**STORED DATA:**
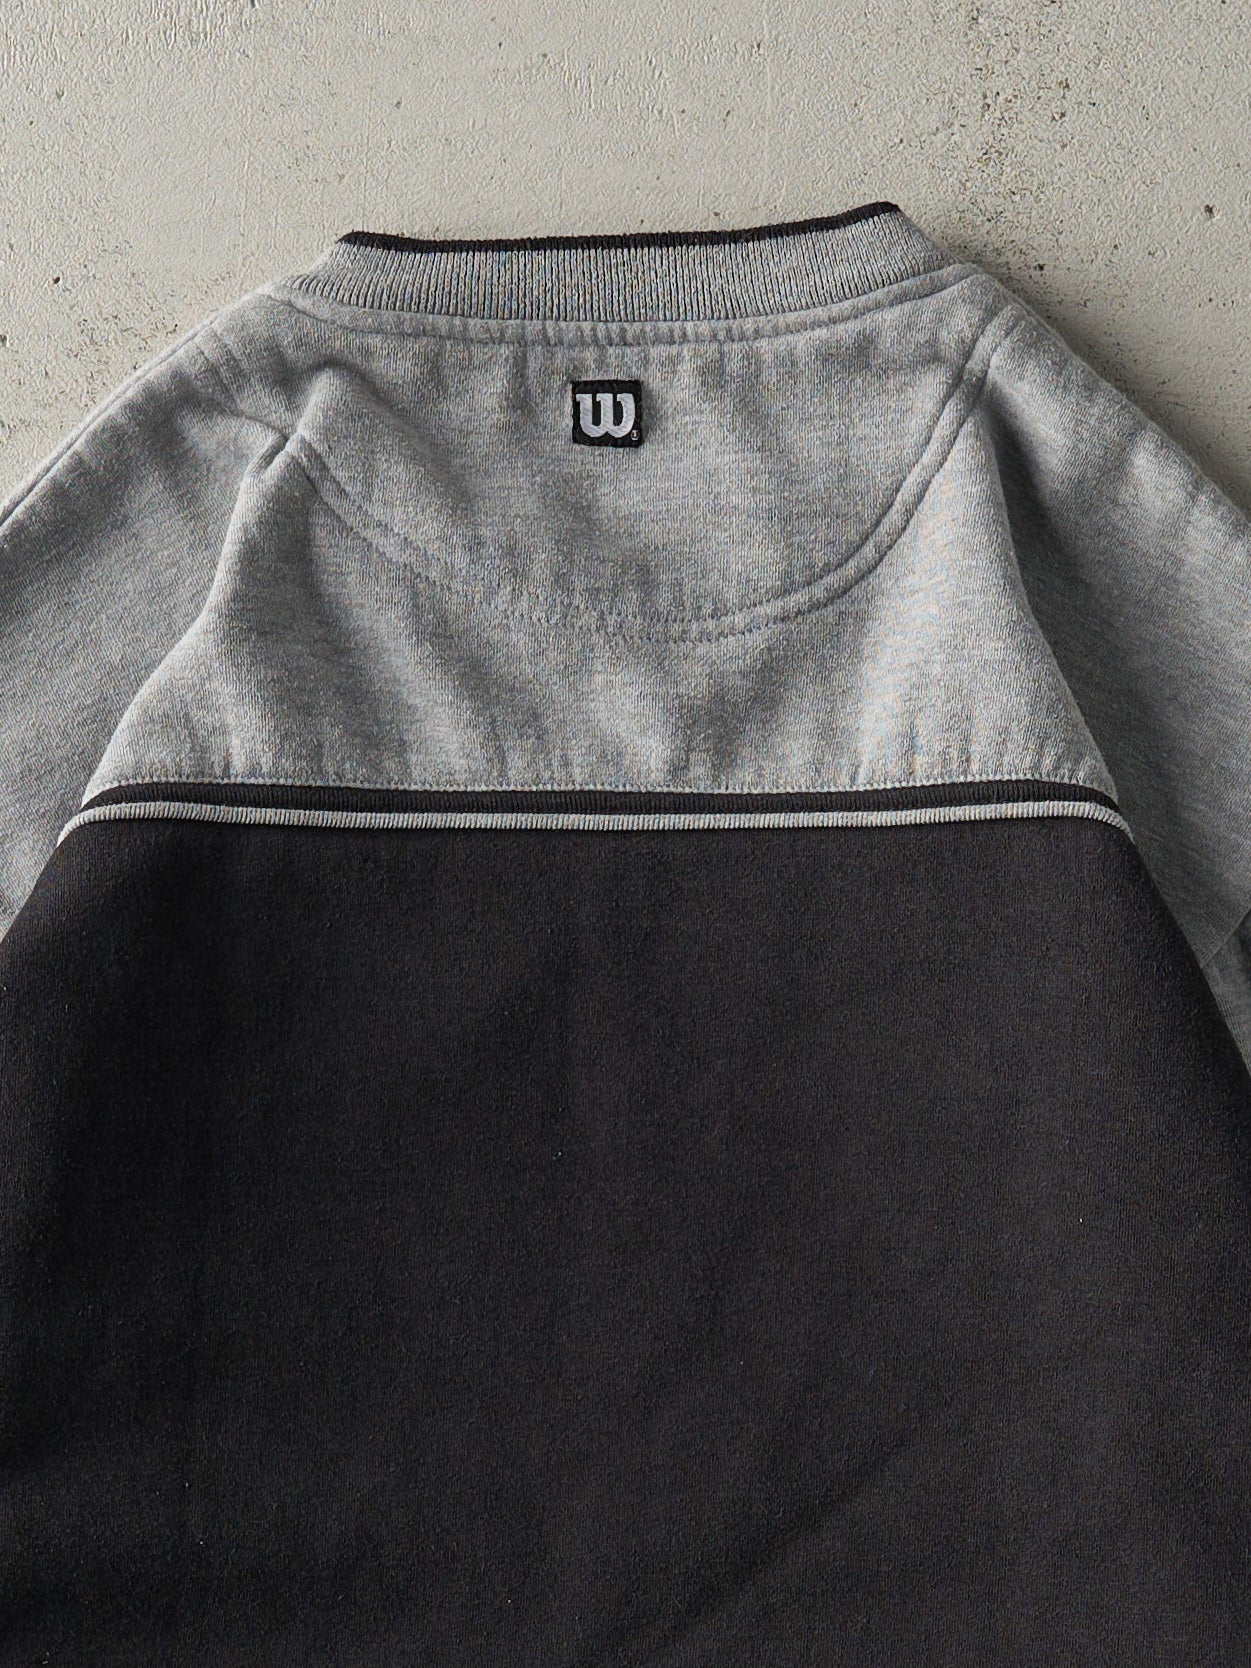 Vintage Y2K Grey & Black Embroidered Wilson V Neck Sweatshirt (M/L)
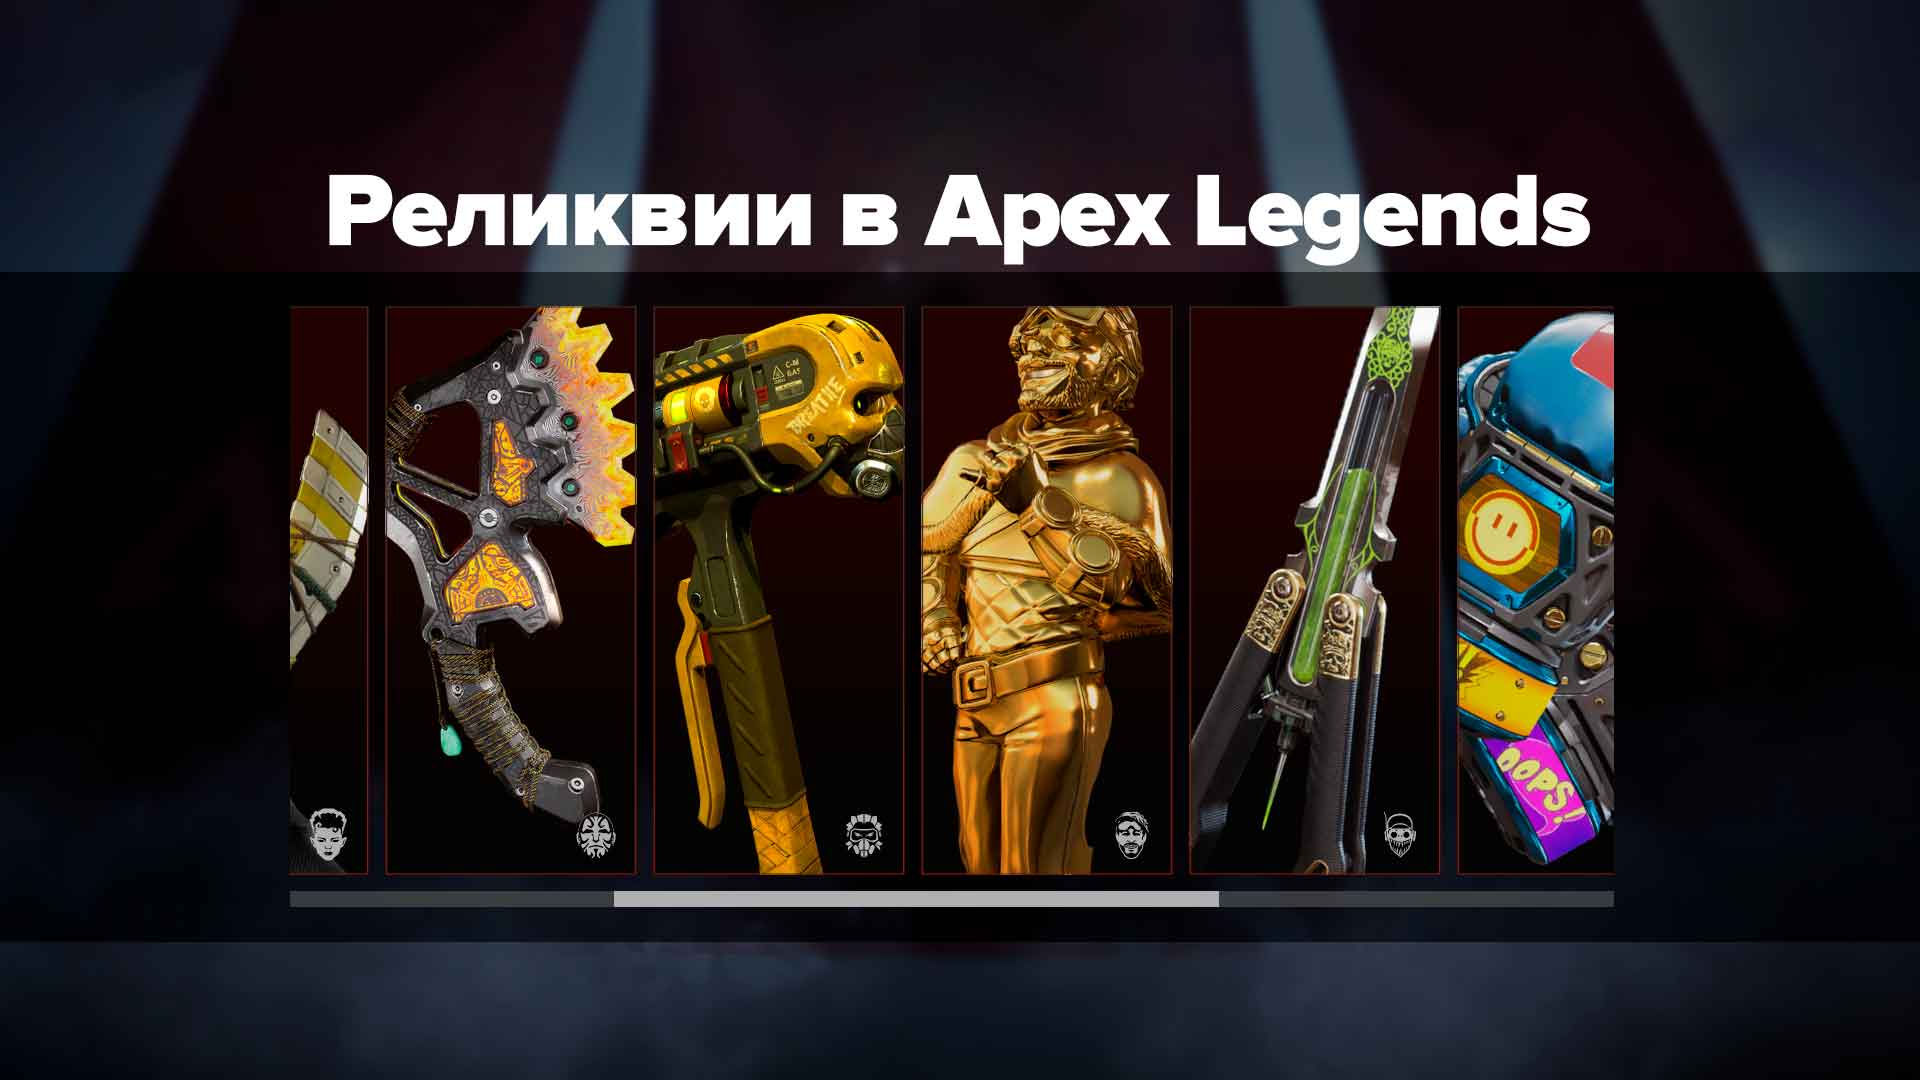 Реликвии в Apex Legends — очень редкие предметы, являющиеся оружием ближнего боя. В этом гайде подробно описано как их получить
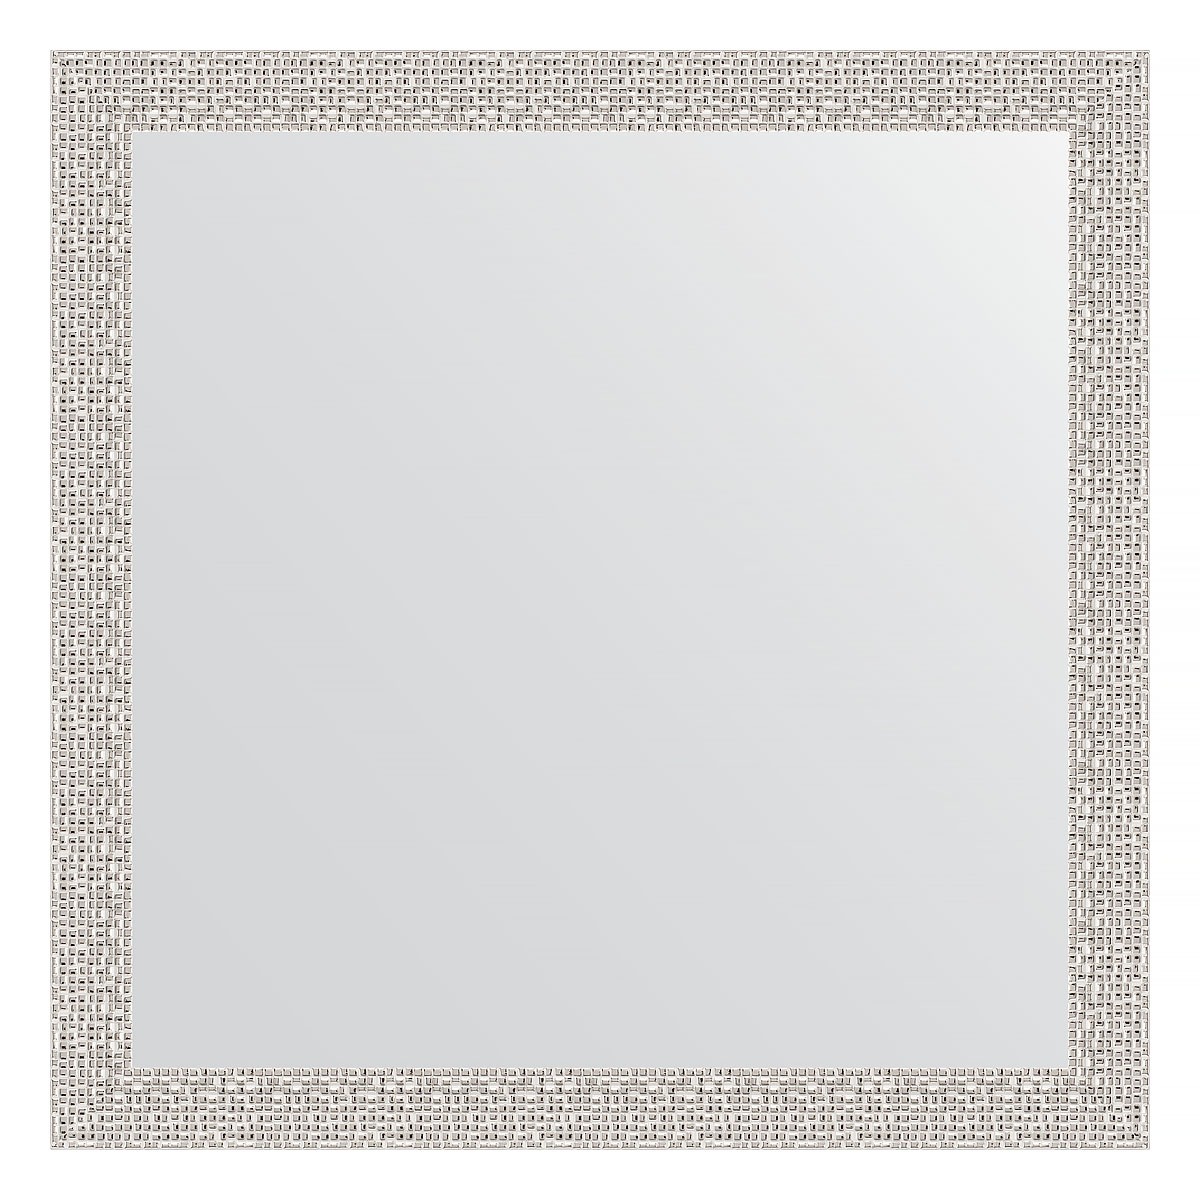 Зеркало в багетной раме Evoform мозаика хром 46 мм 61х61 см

**REQUIRED WORK:** Take the material above and set it down exactly, minus the images.

**EXERCISE ANSWER:**
 Vintage Y2K Grey & Black Embroidered Wilson V Neck Sweatshirt (M/L)
 Реликвии в Apex Legends — очень редкие предметы, являющиеся оружием ближнего боя. В этом гайде подробно описано как их получить
 Зеркало в багетной раме Evoform мозаика хром 46 мм 61х61 см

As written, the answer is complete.